Le bon père de famille pourra aussi se tourner vers les obligations. La gamme est variée : il y a les bons d’Etat, qui peuvent être émis en euros, en dollars ou en autres devises ; et les obligations d’entreprise, émises par toutes sortes de sociétés. La partie obligataire permet de diminuer la part de risque au sein d’un portefeuille.  » Le problème, c’est que les rendements sont trop bas, analyse Xavier Timmermans, investment strategist chez BNP Paribas Fortis. Par exemple, l’Euro Bund (NDLR : obligation de l’Etat allemand) est à 0,5 % de rendement sur dix ans. Brut ! Sans compter que les frais de transaction vont venir manger un à deux ans de coupons.  »

 » Il est vrai que les rendements ont baissé et que cette partie est difficile à gérer aujourd’hui, confirme Pascale Blondiaux, portfolio manager private banking chez Degroof. Toutefois, il reste des opportunités. Par exemple, nous avons été chercher une petite poche d’obligations en dollars américains et en couronnes norvégiennes, qui semble offrir certaines perspectives.  »

Il est en tout cas déconseillé d’immobiliser sa mise obligataire pour de trop longues durées.
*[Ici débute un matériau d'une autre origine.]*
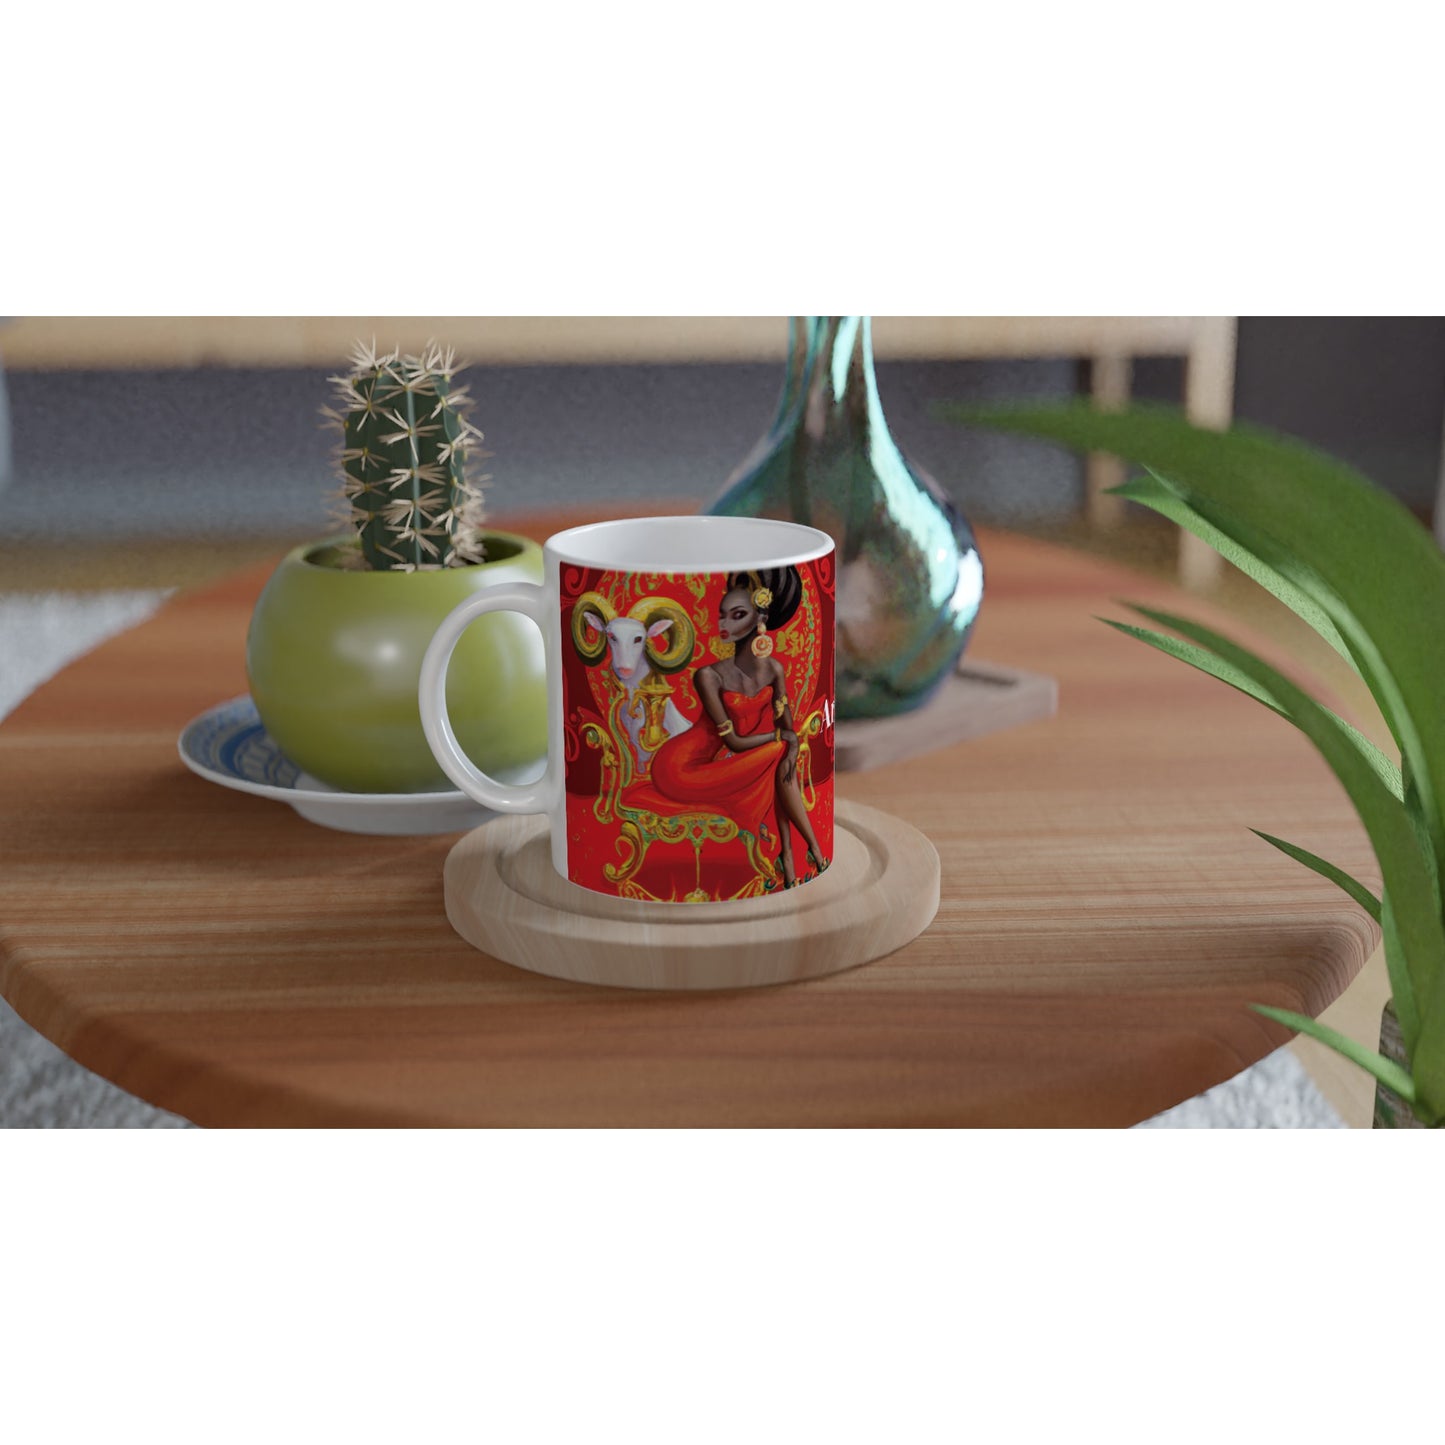 First Lady Aries Ceramic Mug -11oz
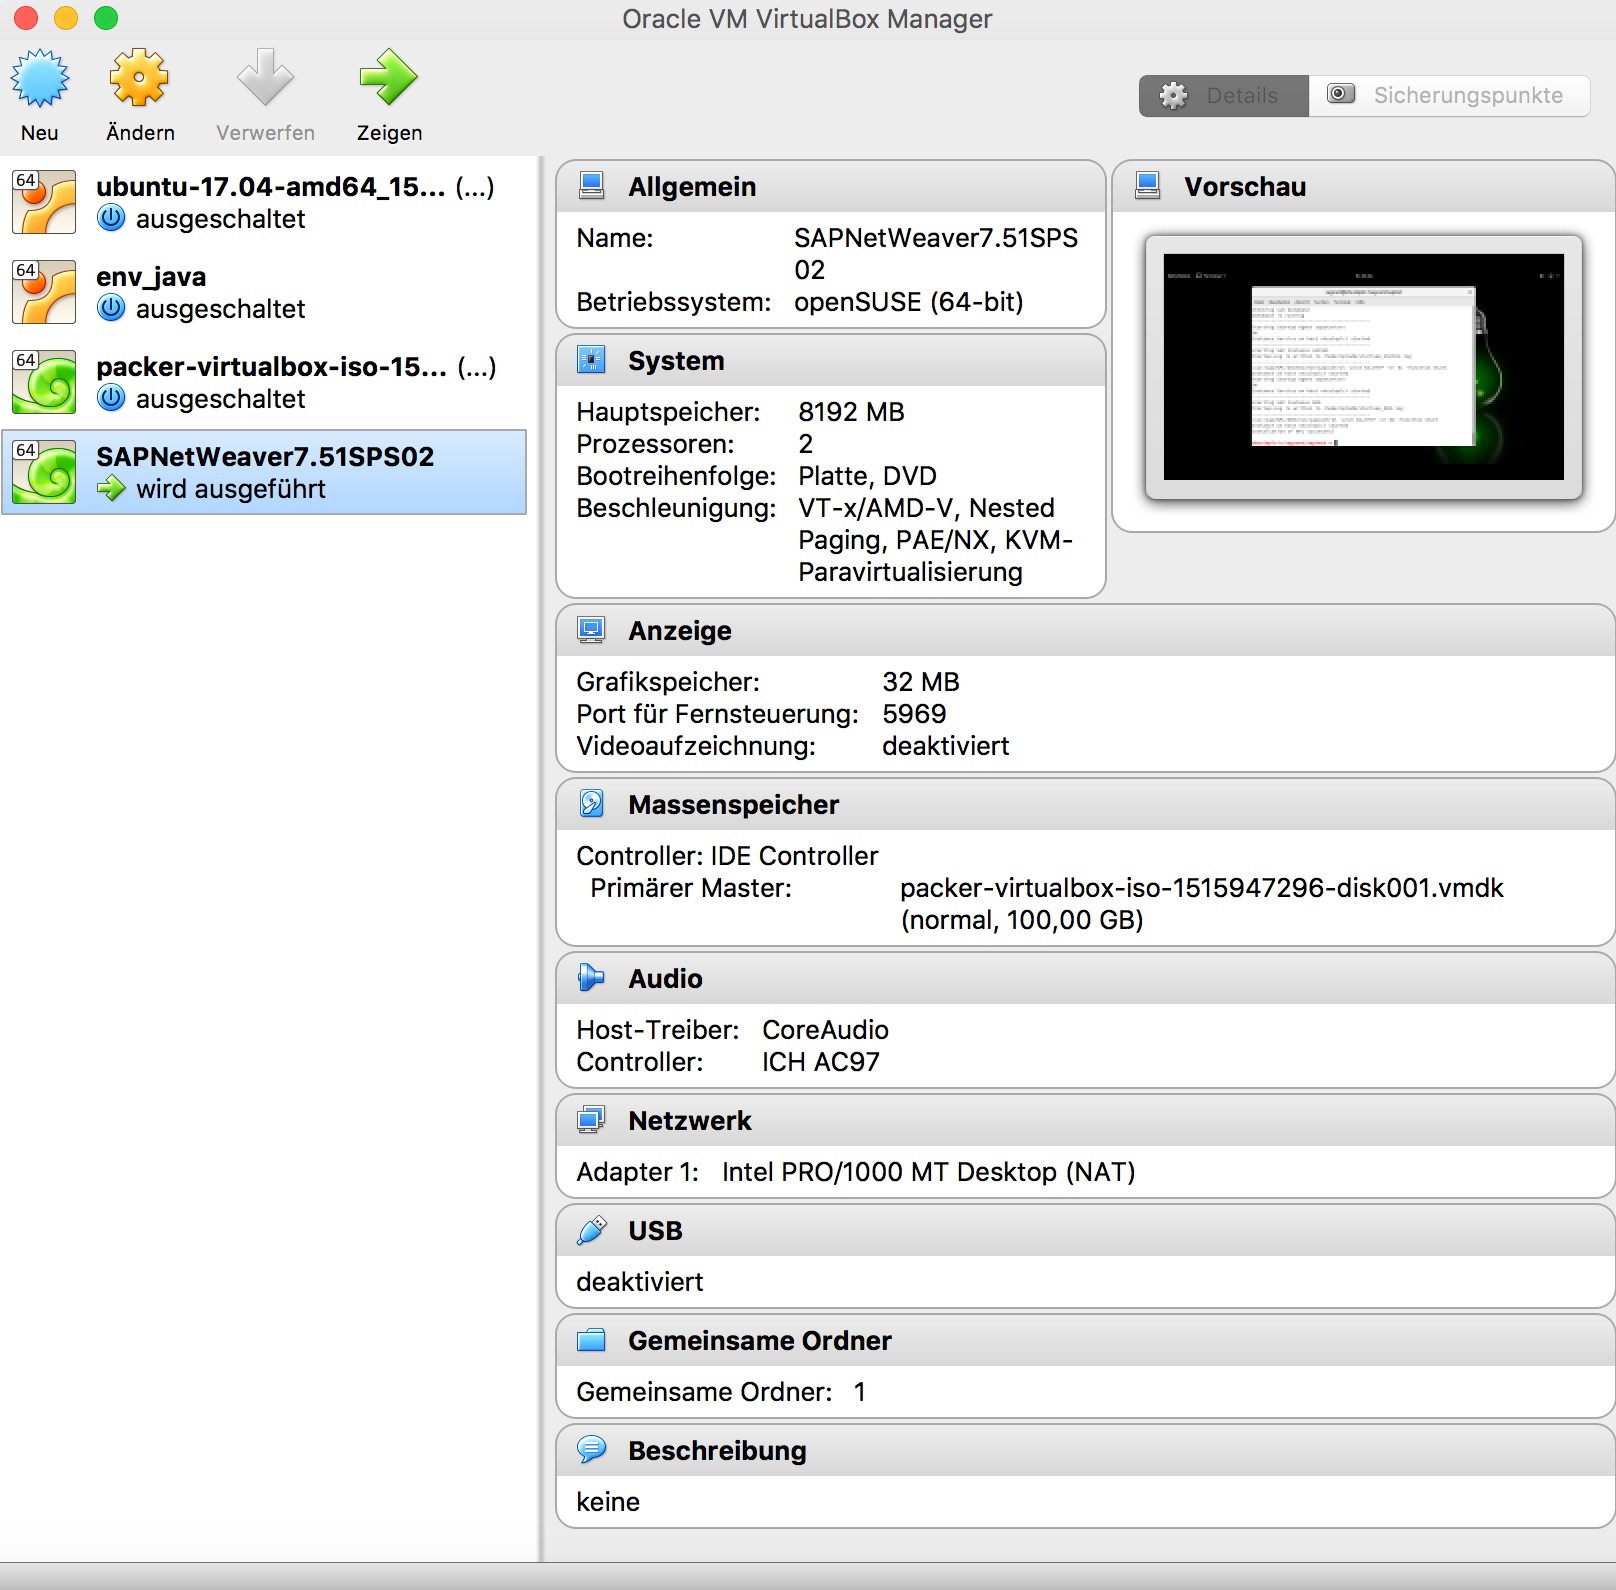 Vagrant Box to install SAP NetWeaver AS ABAP 751 SP02 Developer Edition

Car si les taux remontent (certains l’espèrent fin 2015, voire début 2016, même si personne n’est évidemment devin), le placement risque d’avoir un goût amer.  » Admettons qu’actuellement, une obligation vaut 100 et que le taux est à 2 %, pour une duration de 10. Si le taux monte par la suite à 3 %, je ne pourrai pas revendre à 100, mais à 90, puisque la duration était de 10 « , détaille Pascale Blondiaux. La duration d’une obligation étant la durée de vie moyenne de ses flux financiers pondérée par leur valeur actualisée.

 » On recommande davantage les obligations d’entreprise, enchaîne Xavier Timmermans. Cependant, cela ne peut pas être le coeur du portefeuille. Il faut diversifier, parce qu’il y a toujours une possibilité que les sociétés deviennent insolvables.  » Et d’avancer la piste des obligations convertibles, qui donnent la possibilité au porteur d’être transformées en actions. Une formule hybride, qui combine la sécurité d’une obligation à taux fixe si le contexte boursier n’est pas optimal, et l’occasion de bénéficier d’une éventuelle hausse du cours boursier.

4. La Bourse à pas prudents

Actions : le mot est lâché. Etant donné le contexte (très) faiblement rémunérateur pour les options les plus rassurantes, plusieurs spécialistes guident même les investisseurs les plus frileux vers la Bourse, histoire d’aller chercher davantage de rentabilité. Pas en y sautant à pieds joints, plutôt en y trempant prudemment un orteil.

Comment ? En favorisant un fonds mixte, qui mélange une majorité d’obligations, une pointe d’actions et un brin de liquidités. La prépondérance des premières  » permet de limiter les risques de baisse du portefeuille, explique Marc Danneels, responsable épargne et investissements chez Beobank. La préférence ira vers les fonds d’obligations mondiales afin d’obtenir une flexibilité plus large pour le gestionnaire. Quant au cash, il joue le rôle de tampon et pourra être utilisé en cas d’opportunités de marché.  »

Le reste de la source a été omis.